WARSAW (Reuters) - Poland's top utility PGE is looking for technology and financial partners for a long-term project to build Poland's first nuclear power plant, expected to be worth up to 60 billion zlotys ($19.5 billion), it said on Wednesday.
Poland, which now generates nearly all its electricity from ageing, coal-fired power plants, wants to make its energy sector more efficient and cut carbon emissions.
"We now have the period of searching for a partner to provide the technology and a partner to participate financially," PGE's chief executive and Poland's former energy market regulator Marek Woszczyk told a news conference.

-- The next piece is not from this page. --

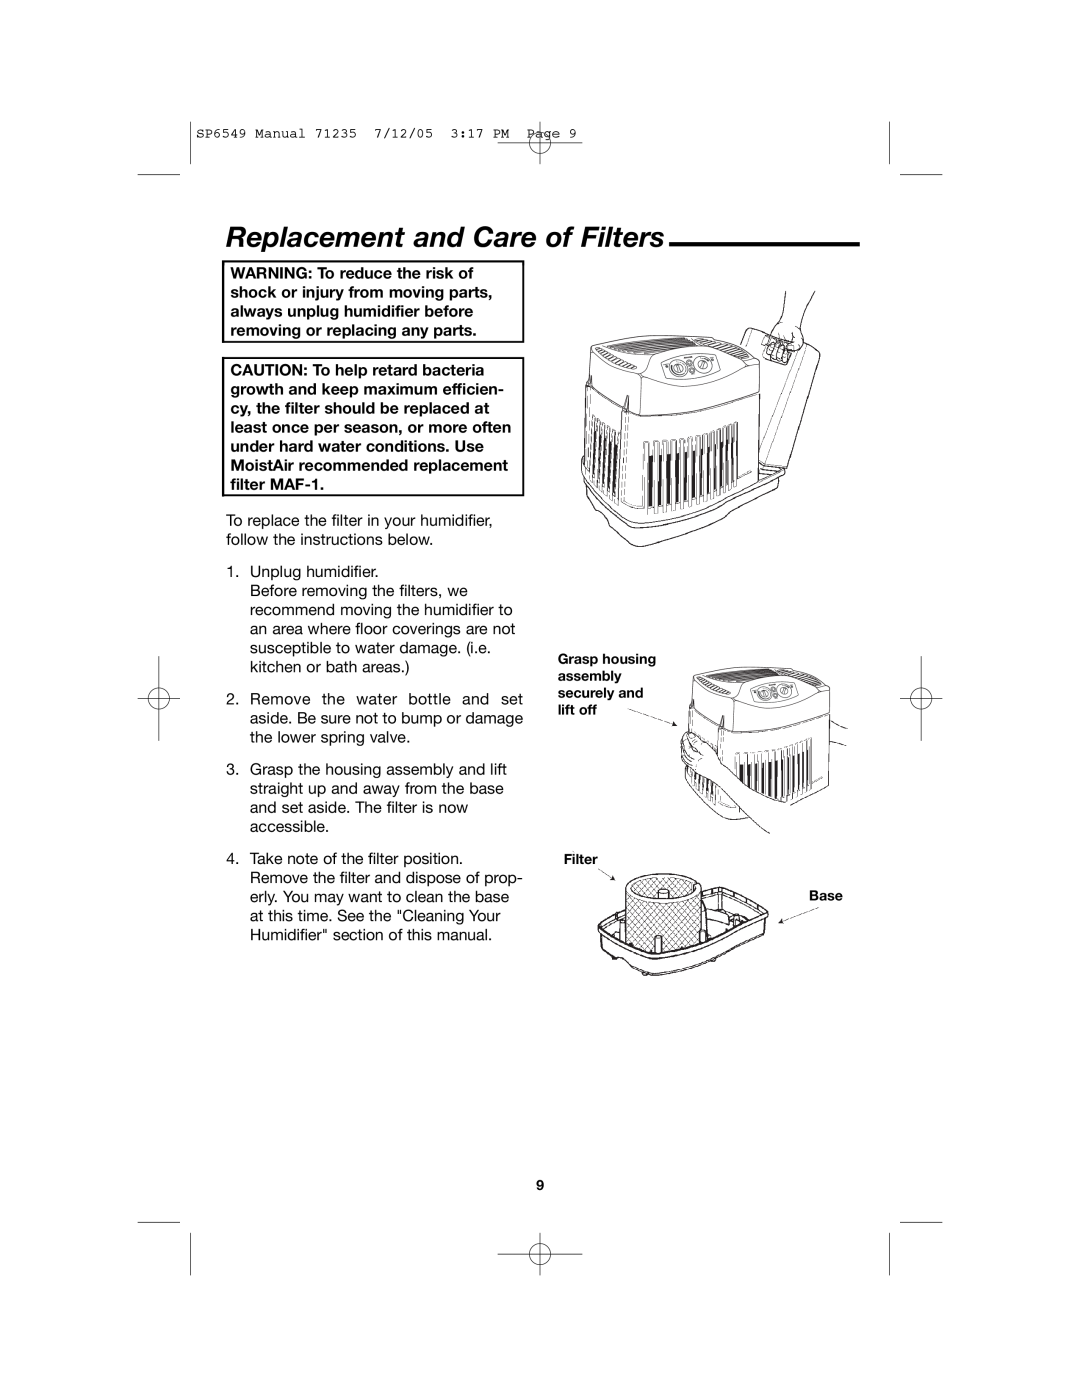 MoistAir MA 0950 owner manual Replacement and Care of Filters

State-controlled PGE, the project's coordinator, has until end-2016 to pick a site and find a technological partner.
The government's strategy is to build a 3 gigawatt nuclear power plant, with the first block to be finished by the end of 2024 and the whole project to be finalized by 2030.
The nuclear project has had a series of setbacks. PGE has voiced concerns over its financing, especially as the group is also involved in a costly search for shale gas in Poland.
But eastern Europe's largest economy is battling to limit its energy sector's dependence on Russia, which only two weeks ago signed a deal to expand the only nuclear power plant in Hungary.
PGE said it wanted to control the special investment company set up to run the nuclear plant's construction. Possible partners include Polish state-controlled Tauron, Enea, and KGHM, but no deal has yet been signed.
"PGE wants to have a controlling stake in the company, at least 70 percent," PGE's Woszczyk said. "We do not rule our the scenario of adding partners - financial or strategic."